Это — молодая татарка, покрытая чадрой, ходила тайно от матери туда на скалу, где жил в пещере красавец разбойник-гяур. Он уговаривал девушку бежать с ним и, переменив веру, стать его женой, но девушка все не решалась. Наконец, после многих свиданий, ему удалось склонить на побег свою подругу, и вот она уже в последний раз пробиралась к нему на рассвете, чтобы не вернуться больше обратно. Но мать, почуяв сердцем беду, поднялась рано и стала искать пропавшую дочь. С криком отчаяния выбежала она из дома, чтобы созвать соседей на помощь, и в это время взор ее упал на скалу, по которой карабкалась вверх беглянка.

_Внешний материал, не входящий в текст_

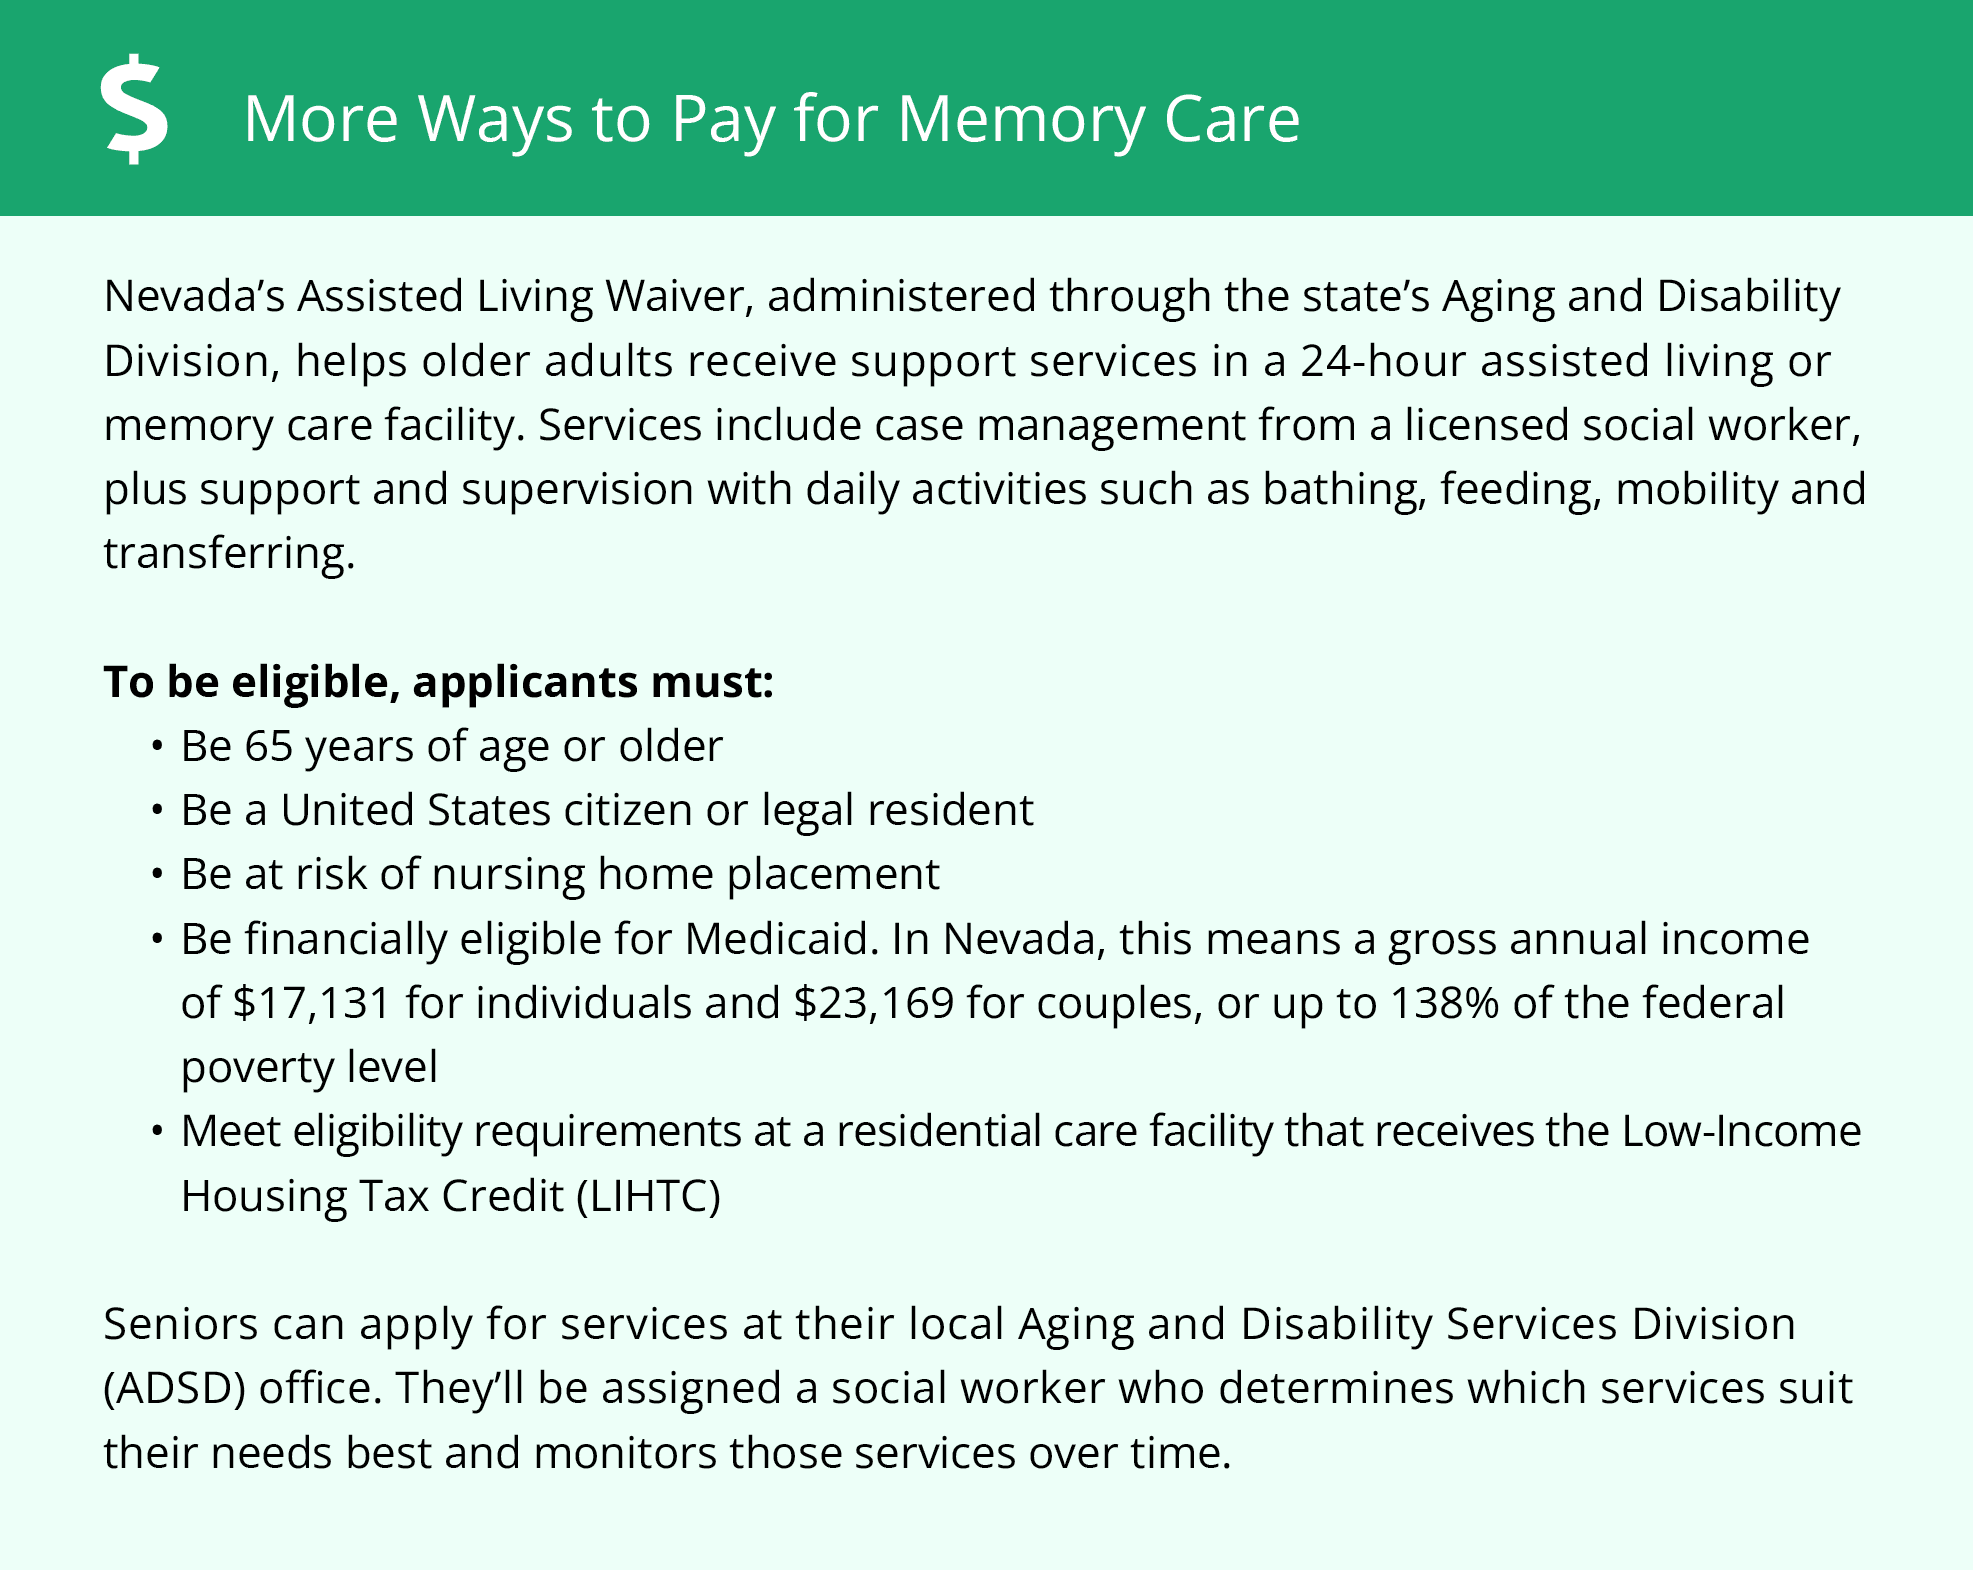 More ways to pay for memory care in NV

Тьма уже поднялась от земли, и луч солнца заиграл на белоснежной чадре... Глаз матери сразу узнал, кто идет, и вот, протянув руку к этой скале, она, обезумевшая от горя, прокляла дочь, которая в тот же момент застыла на месте...

А когда потом прибежали соседи, чтобы взять и свести девушку к родителям в дом, они увидели, что человека здесь уже нет, а стоить один только немой и холодный камень, искрясь и сверкая, точно снег, на солнце своею белизной.

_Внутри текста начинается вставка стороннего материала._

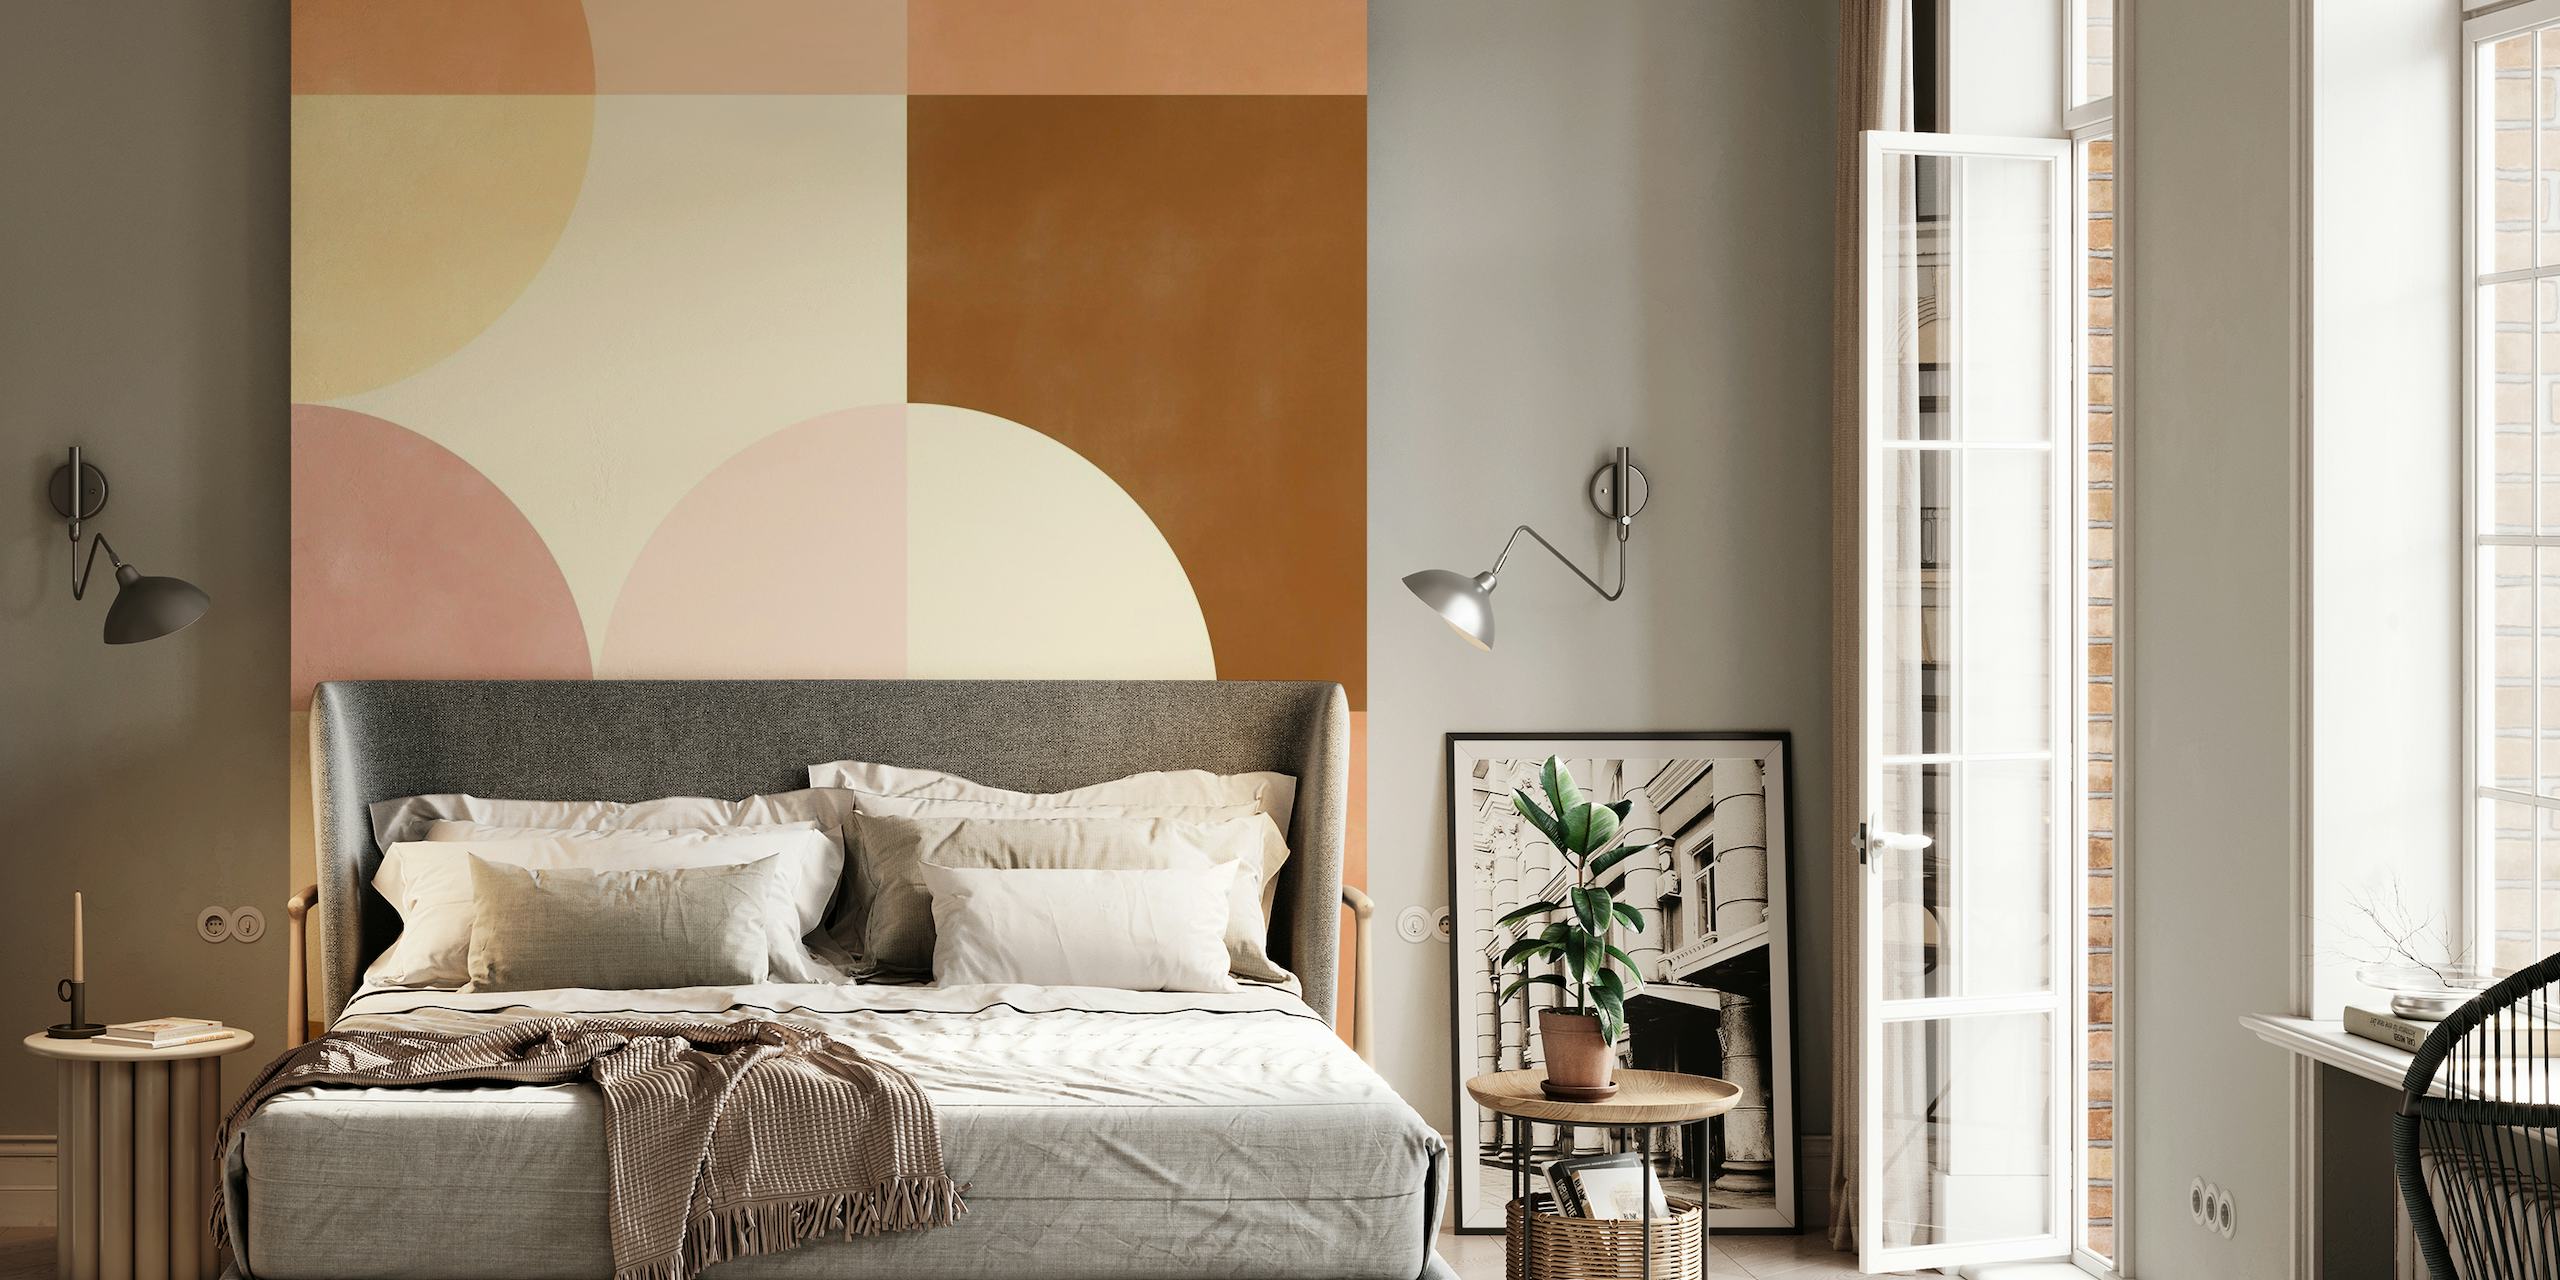 Abstract geometric wall mural in soft pink and earthy brown tones

И долго, долго потом неутешная мать и разбойник гяур, больше жизни любивший свою бедную подругу, обливали слезами — она днем, а он по ночам — безжизненный камень. Обмытая ими вершина камня стала гладкой, как сталь, но и слезы эти, как ни жгучи были они, не вернули к жизни несчастной, и камень так и остался навеки там, где и до сих пор стоит, свидетельствуя людям о том, как безмерно, грозно и страшно родительское проклятие...

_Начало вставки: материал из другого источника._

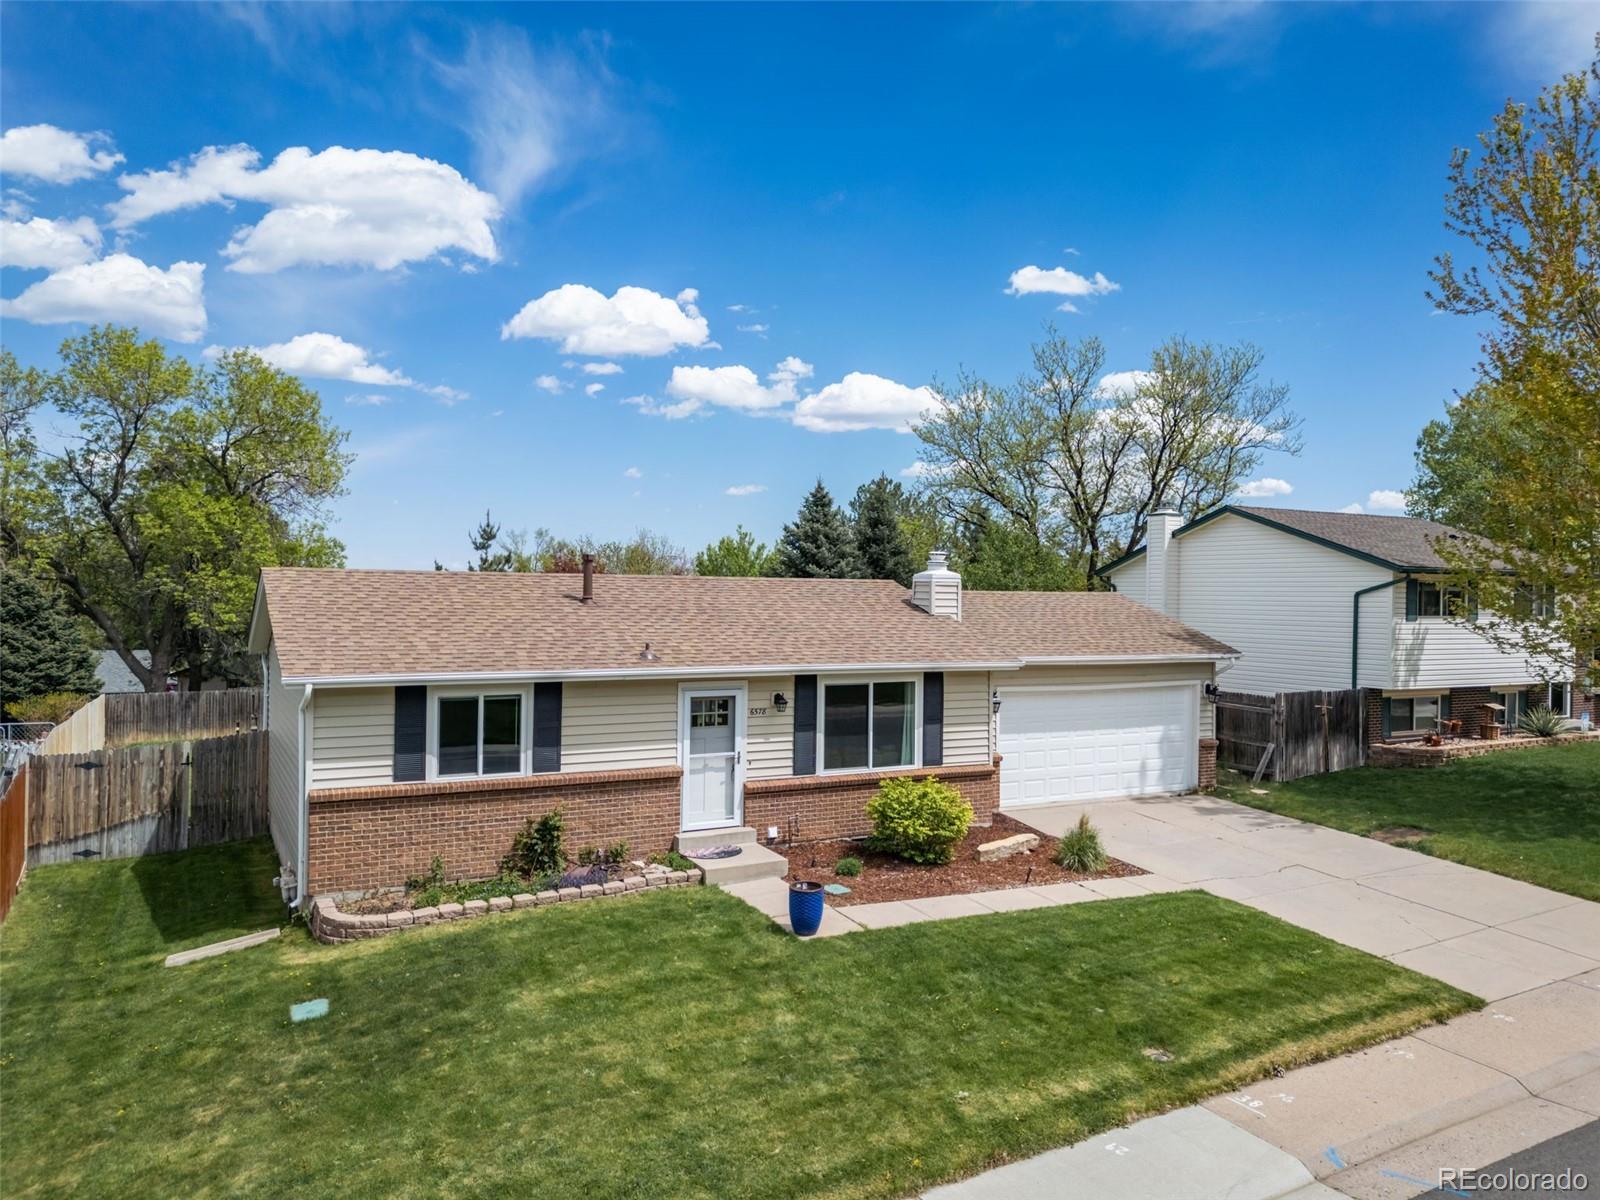 Report Image for 6578 S Garland Way,Littleton, Colorado

Зейнадин-эфенди от своего приятеля, тарак-ташского муллы, получил самые верные сведения, где искать и найти Алима, который теперь, после известного приказа губернатора об ответственности всякого села за появление в нем разбойника, щадя своих, стал избегать населенных мест, боясь доносов со стороны армян и греков, и укрывался в горах. Туда надежные люди приносили ему по ночам пищу и сообщали все нужные сведения.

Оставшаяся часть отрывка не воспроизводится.